Poco a poco logré desentrañar los hechos, tuve una semblanza de cada candidata, tiré las cartas a los pretendientes y les conté cómo les iría en sus trances amorosos.
—Lucas, veo aquí que cuando te dediques a estudiar ingeniería o electricidad te va a ir mejor con esa chica, ella está necesitando que la impresiones.
—La impresionaría más con un atraco. Es de la villa, ya sabes cómo es eso. Un par de meses en chirona también podrían servir de antecedente. O muchos tatuajes en el brazo.
Lo miré con preocupación. ¿Tenía idea su madre de las verdaderas andanzas de Lucas? ¡Tendría que agendarme una conversación profunda con ella!
—Eh… ¿y por qué mejor no cambias de pareja?

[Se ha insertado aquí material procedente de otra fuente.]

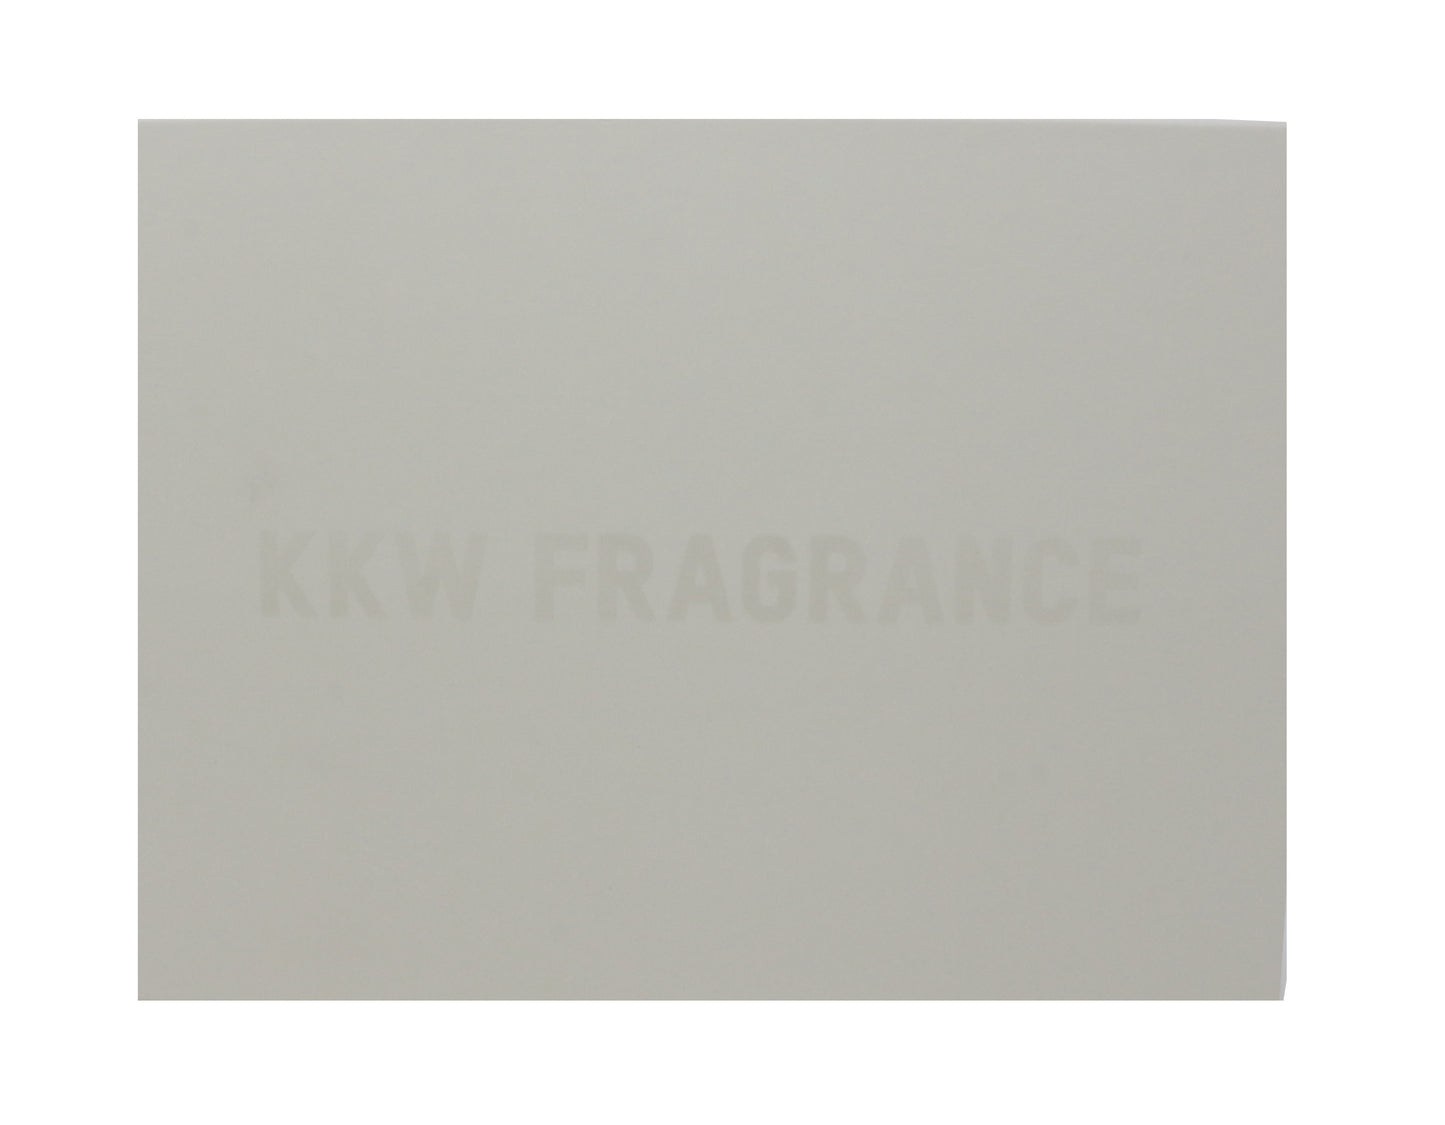 KKW CRYSTAL GARDENIA CITRUS by KIM KARDASHIAN  Eau De Parfum 2.5 oz/75 ml

El silencio se hizo elocuente. ¡Así que estaba enamorado! Suspiré, tengo cierta debilidad por el amor.
—Ser amigo de la bruja también podría ayudar. La impresionaría —susurró Lucas un rato después, mientras movía una piedrita imaginaria con el pie.

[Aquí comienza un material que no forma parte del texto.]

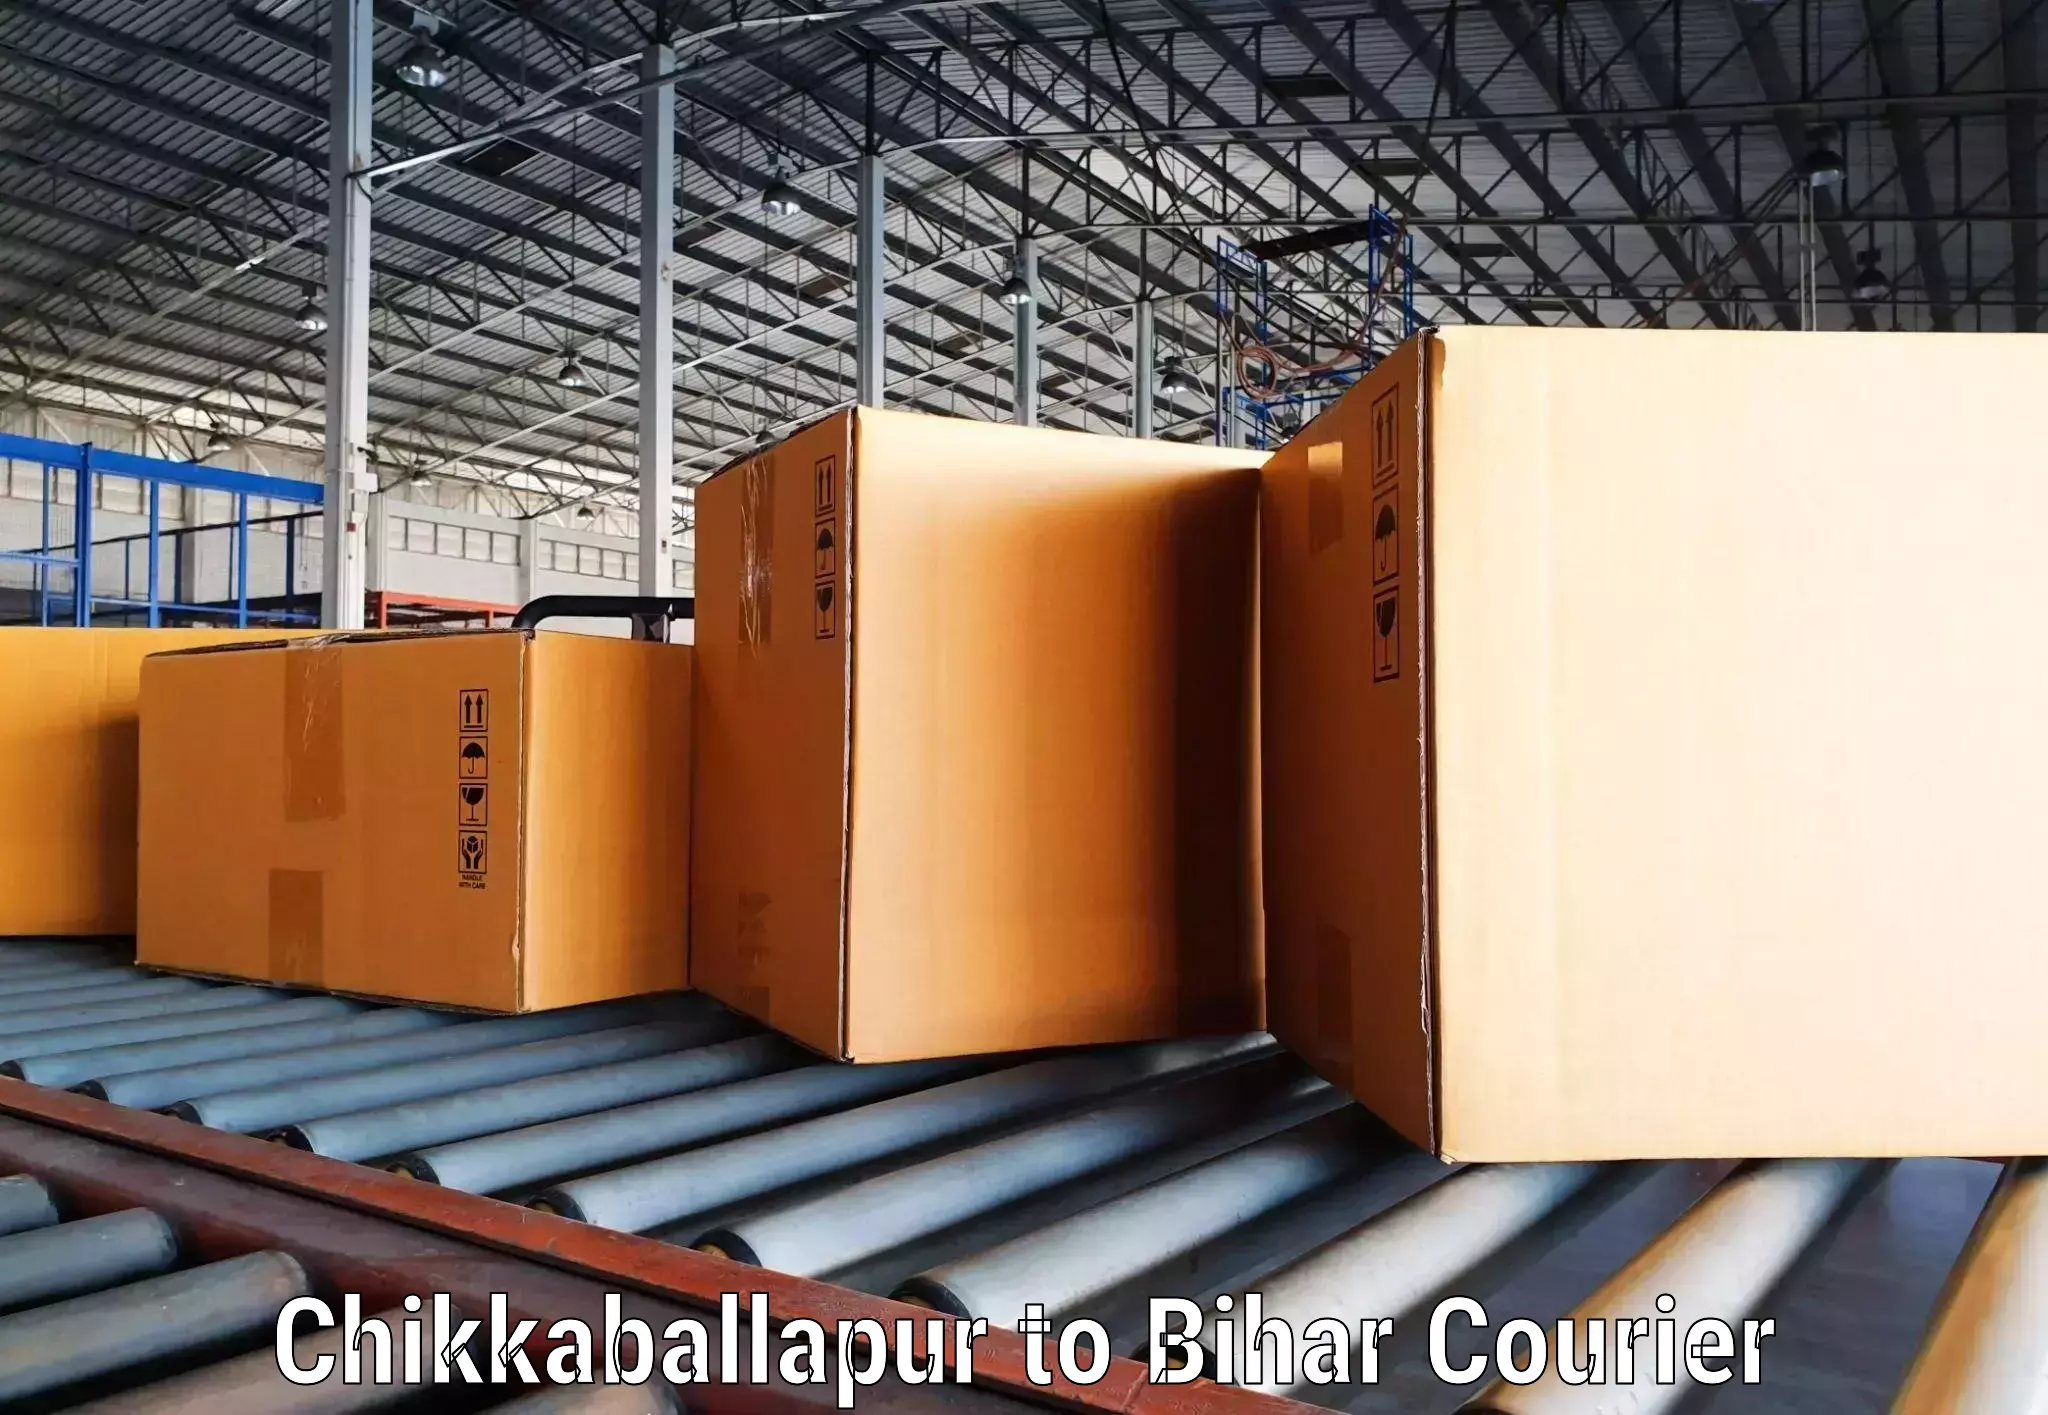 Global logistics network Chikkaballapur to Phulparas

Suspiré una vez más. Realmente no entendía qué estaba haciendo allí, sentada en el sitio de mi madre, adivinando el futuro y dando consejos baratos. Debería callarme, me dije, debería volver a mi piso.
Pero había algo que me retenía, y no era solo mi madre. Tal vez fuera que yo era como esos chicos, una causa perdida, un fracaso. O quizá lo que me detenía fuera una debilidad de carácter, la incapacidad de enfrentarme al destino y decir «no», como en la carta de El Colgado.
—Está bien —volví a suspirar—, déjame anotado el nombre completo y la dirección de la chica, voy a ver si puedo hacerle un amarre mejor.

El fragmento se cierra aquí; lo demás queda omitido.